In addition, the fact that a subtle typographical error in one specification language translates to an obvious omission in another language suggests that analysts can be provided with specification languages that focus their attention on the places where we have found that errors are likely to be made. The same can probably be said of analysis|the form of the analysis results will most likely affect the ability of analysts to interpret them with respect to their own application expertise and knowledge.

A conclusion that might be drawn here is that the design of a modeling or specification language should reflect the type of analyses to be performed on it, i.e., an understanding of the type of analyses desired should precede language design. In addition, many if not most errors will be found during expert review rather than by automated tools, so readability and organization of the specification to enhance the ability of the expert to find errors are also important considerations in specification language design. Our modeling language (RSML) is changing and evolving as we learn more about the modeling and analysis process.

Finally, we found that using the hazard analysis techniques requires application expertise, and hence they are probably best applied by application experts. When we began this project, none of us had any experience with guidance systems. In addition, the main analyst (Modugno) was new to the area of software safety and had no prior experience with the techniques. Although we found that the techniques were easy to learn, applying them successfully depended on an understanding of the application domain. Even building the model required a detailed understanding of the physics of the plane's motion. Moreover, translating from the designer's notation into RSML required an understanding of engineering notation not commonly used in computer science.

Whether application experts can use our modeling and analysis techniques and will find them useful, however, is yet to be determined. We have ascertained the feasibility of performing an integrated safety analysis and the utility of such an analysis. Our next step is to determine whether others can use the techniques to perform an analysis. Then we can begin to determine what tools we need to develop to support analysts.

Our findings so far suggest that the most effective safety-analysis tools will assist rather than replace the analyst. We should therefore focus on building tools that augment human abilities rather than attempting to do the analysis completely with tools alone. For example, because both the backward and forward analysis techniques require searching through a large space, tools to help the analyst prune that space and navigate through it could be helpful. Conversely, expert knowledge of the application allows the analyst to select the most plausible search paths and to eliminate immediately scenarios that are physically or logically impossible in the system being analyzed.
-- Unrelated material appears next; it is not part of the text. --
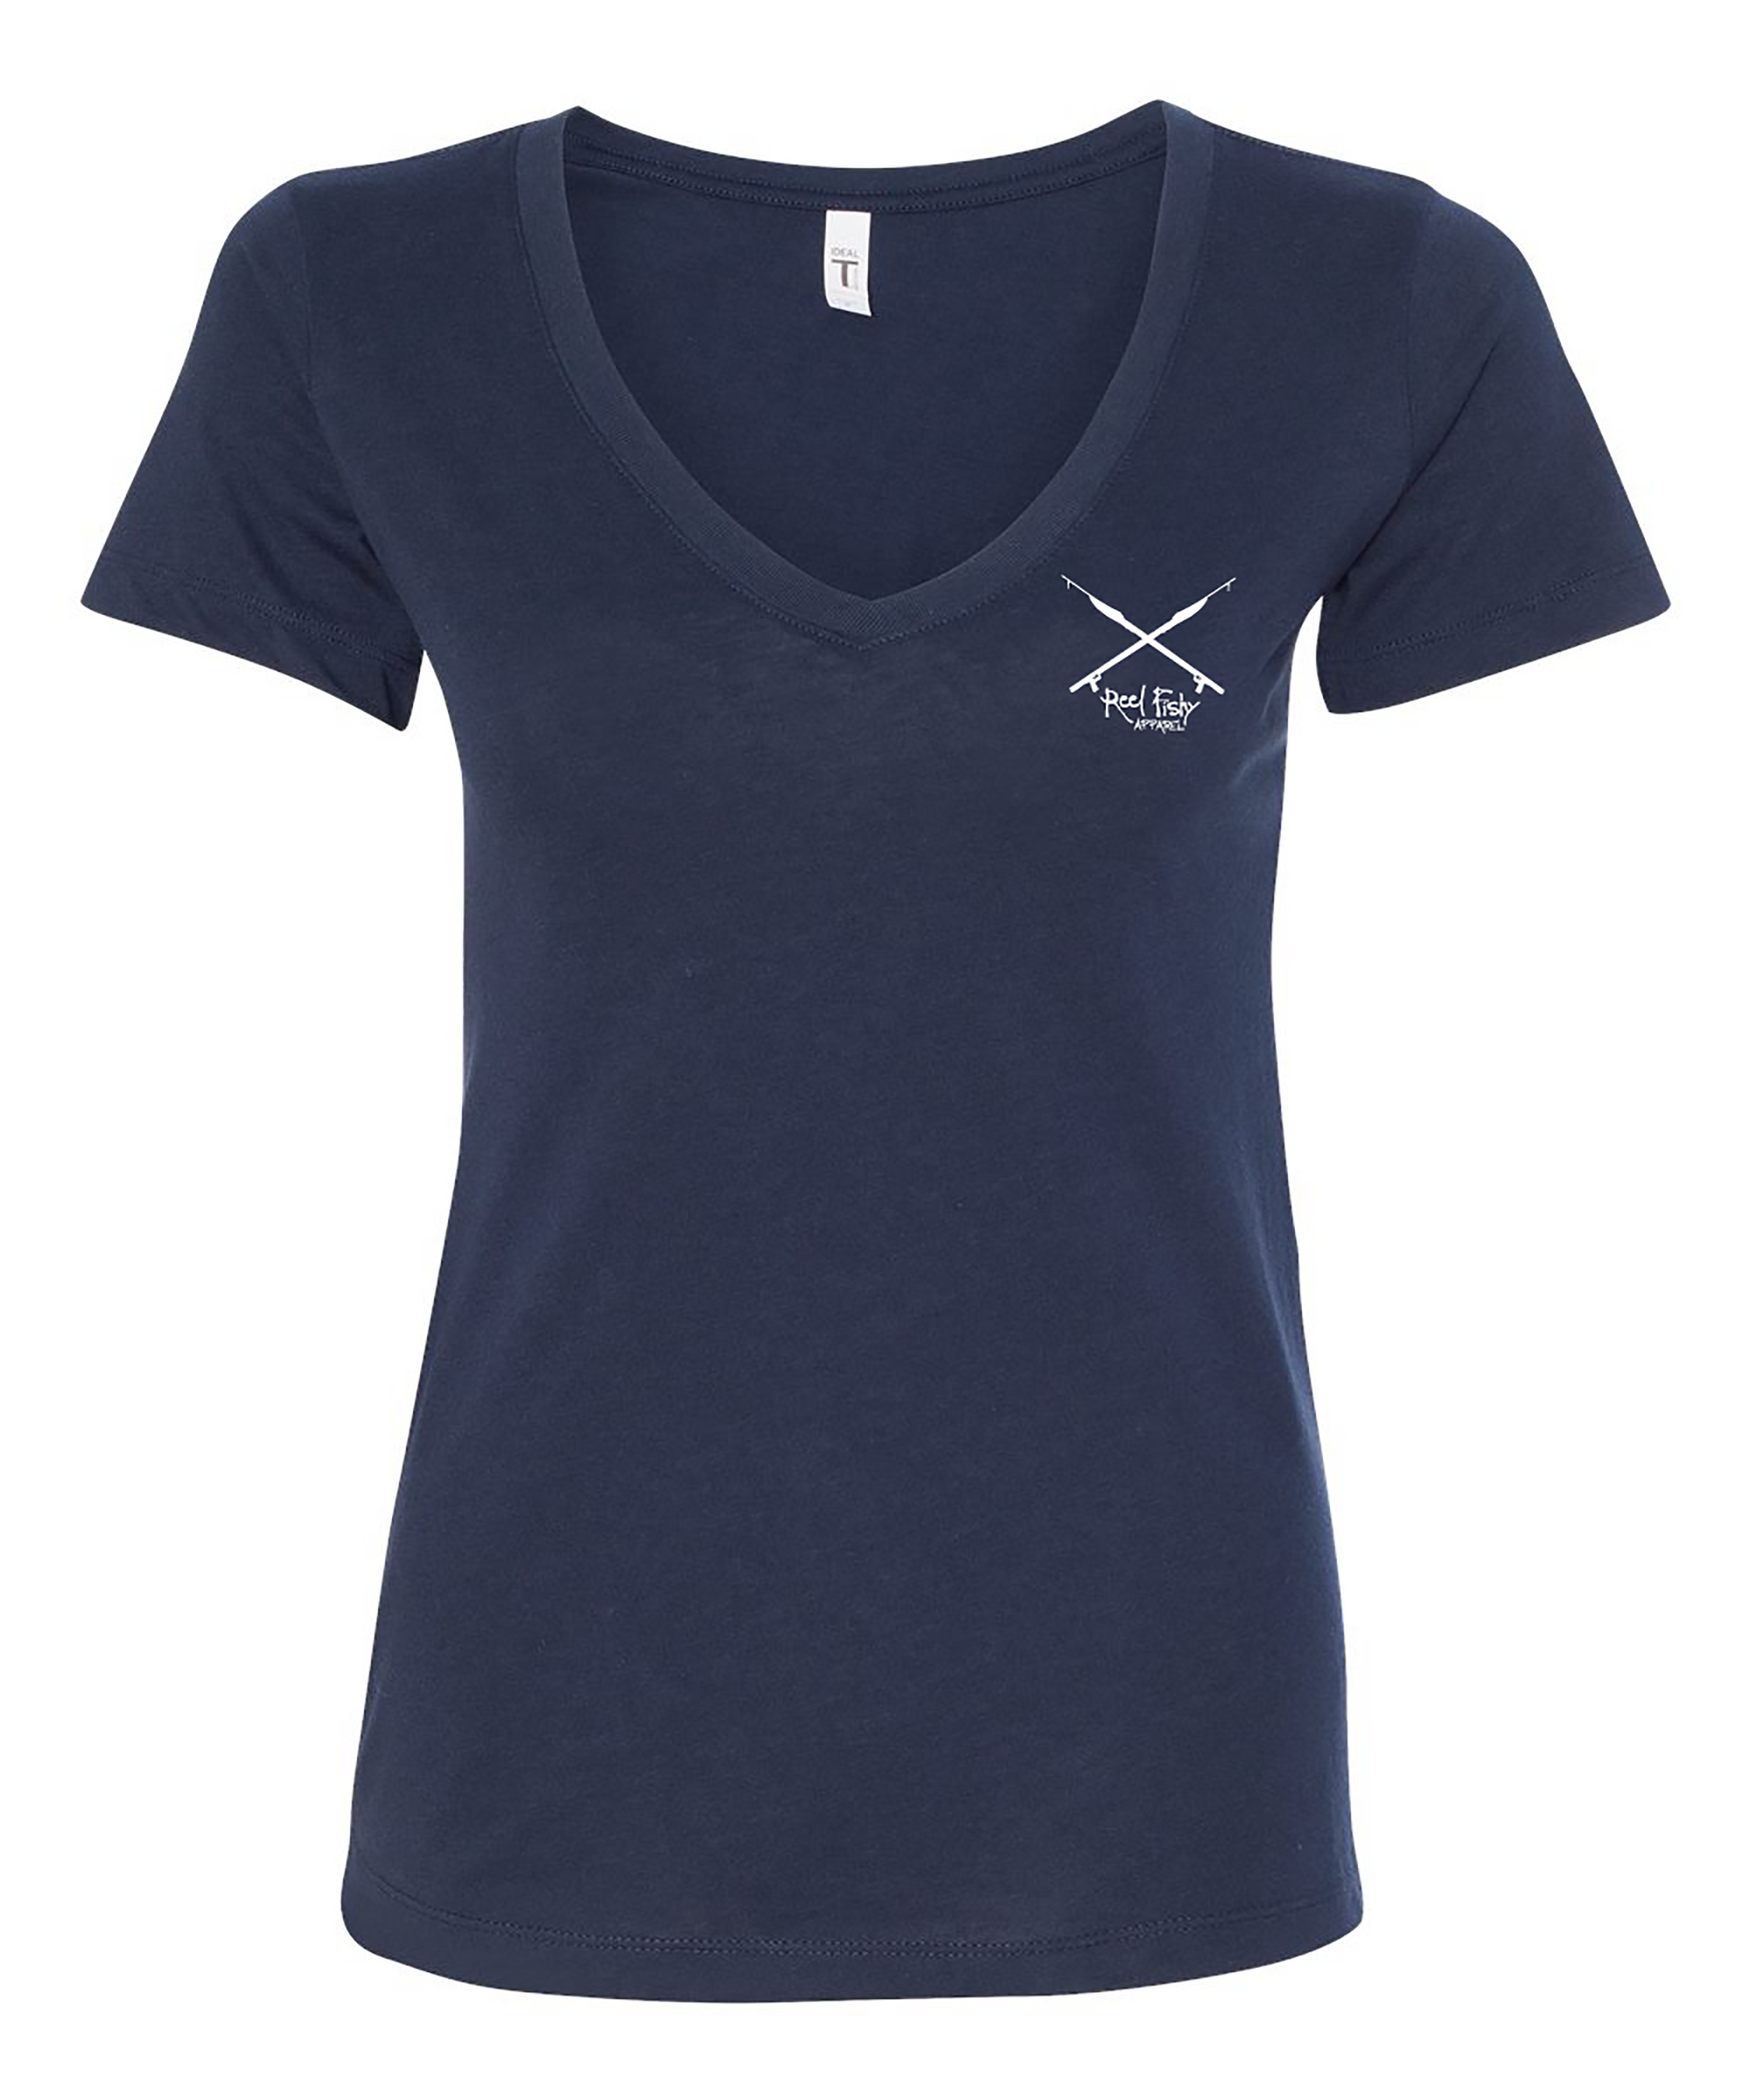 Ladies Lionfish Cotton V-neck t-shirt in Navy (front Reel Fishy Spear Rods logo)

We hope to have a NASA guidance system expert apply our techniques and tools to compare the results obtained in terms of number and type of problems found. A partnership between application, safety, and tool experts will most likely turn out to be the most effective way to produce useful results.

We plan to study further the whole issue of tool design. For example, the type of support that automated tools and techniques should provide will depend on an understanding of the cognitive demands of the particular analysis techniques and an understanding of how automation can be used to lessen those demands. Studying the process of how experts learn and use the analysis techniques should help us gain some of this understanding, as well as using results of research in other fields such as cognitive psychology and cognitive engineering.

We also plan to extend the modeling and analysis techniques to include ways to model the human operator and to provide techniques for human-error analyses. As computers have become more sophisticated and their role in process control has changed from simply an interface to the process to an autonomous controller, a large number of accidents in safety-critical systems have been blamed on "human error." We need to understand why these errors occur and how we can prevent them. Modeling the operator and analyzing the entire system|automated controller and operator|for potential hazards can help us reach this goal.

Acknowledgments

We would like to thank Charlie Hynes at NASA Ames for all his help and for providing the NASA guidance system specifications.

References

[1] P.K. Andow, F.P. Lees, and C.P. Murphy. The Propagation of Faults in Process Plants: A State of the Art Review. 7th International Symposium on Chemical Process Hazards, University of Manchester, 1980.

[2] M.P.E. Heimdahl and N.G. Leveson. Completeness and Consistency Checking of Software Requirements. In IEEE Transactions on Software Engineering, vol. 22, no. 6, June 1996.

[3] C.L. Heitmeyer, B.L. Labaw, and K. Kiskis. Consistency checking of SCR-style requirements specifications. In Proceedings of the International Symposium on Requirements Engineering, 1995.

[4] K.L. Heninger. Specifying software for complex systems: New techniques and their application. IEEE Transactions on Software Engineering, 6(1):2-13, January 1980.

[5] C. Hynes. An example guidance mode specification. Technical report, NASA Ames, 1995.

[6] M.A. Jackson. Principles of Program Design. Academic Press, 1975.

[7] M.S. Jaffe. Completeness, Robustness, and Safety of Real-Time Requirements Specification. Ph.D. Dissertation, UCI, June 1988.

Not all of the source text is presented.